Dataset:
=====

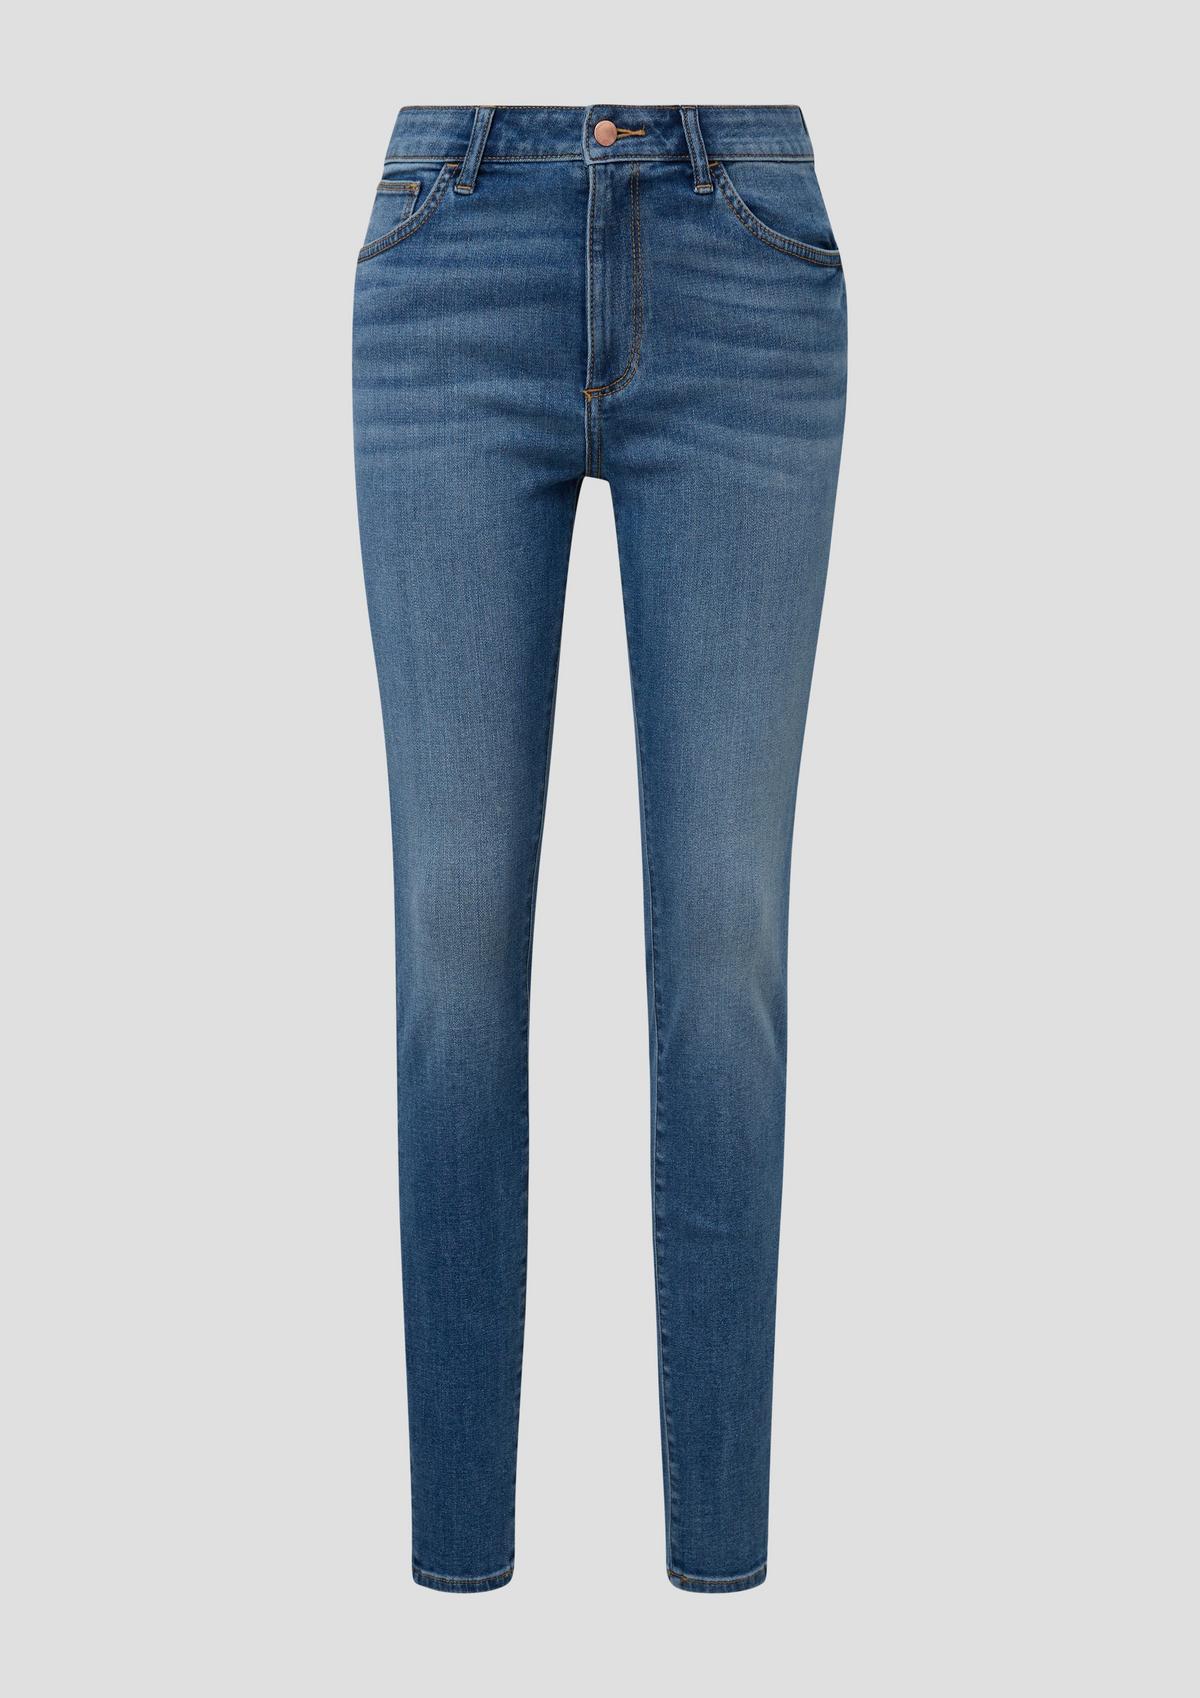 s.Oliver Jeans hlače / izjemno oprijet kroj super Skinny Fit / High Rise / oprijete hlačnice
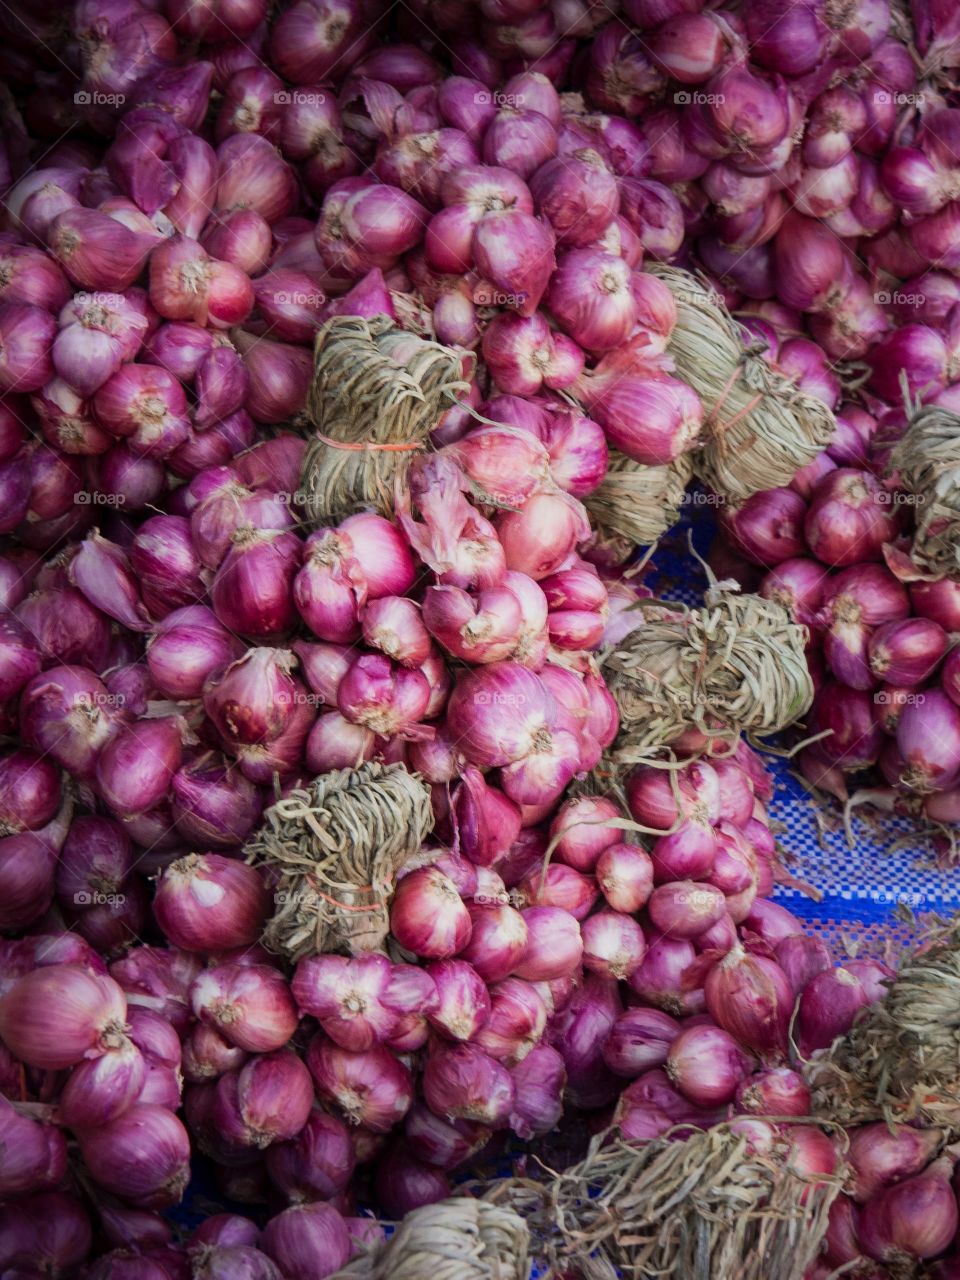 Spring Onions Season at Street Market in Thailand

=====

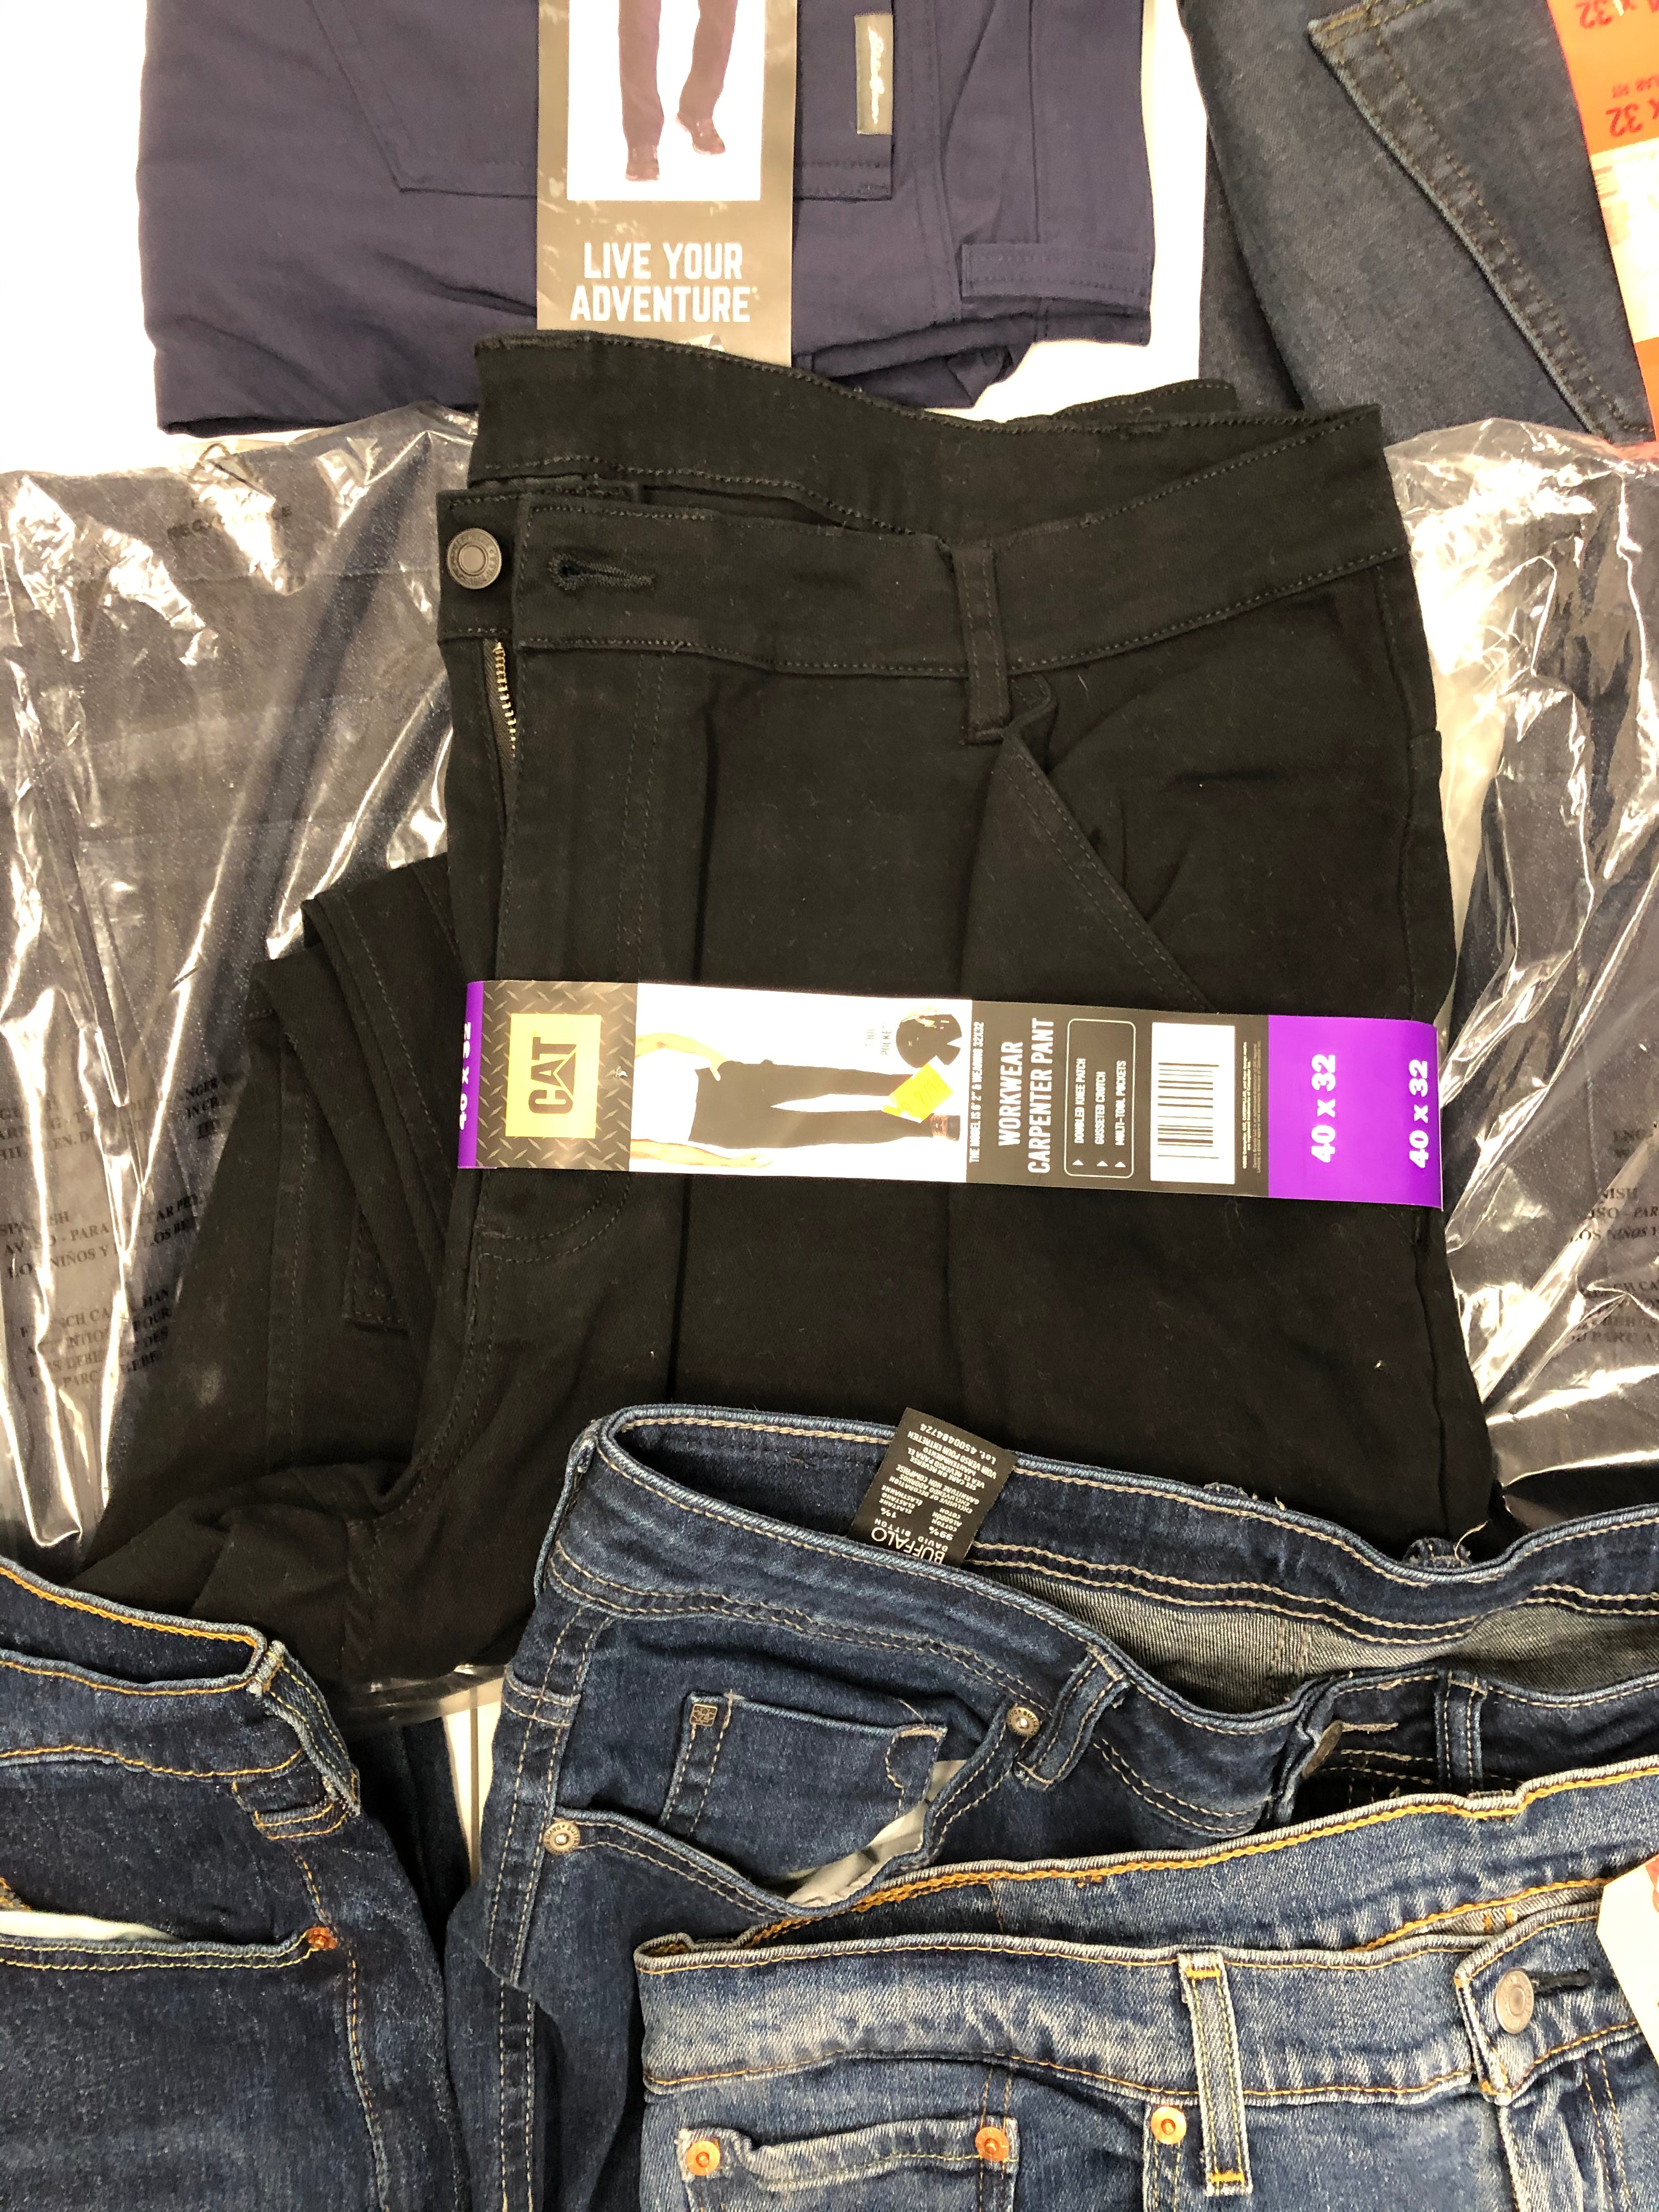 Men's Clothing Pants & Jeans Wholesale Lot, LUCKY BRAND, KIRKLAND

=====

Work required: A verbatim reproduction is expected: starting at the line above that has "s.Oliver Jeans hlače", ending at the line that has "Spring Onions Season", both included, and with no pictures and no other lines.

Written answer:
 s.Oliver Jeans hlače / izjemno oprijet kroj super Skinny Fit / High Rise / oprijete hlačnice
 Spring Onions Season at Street Market in Thailand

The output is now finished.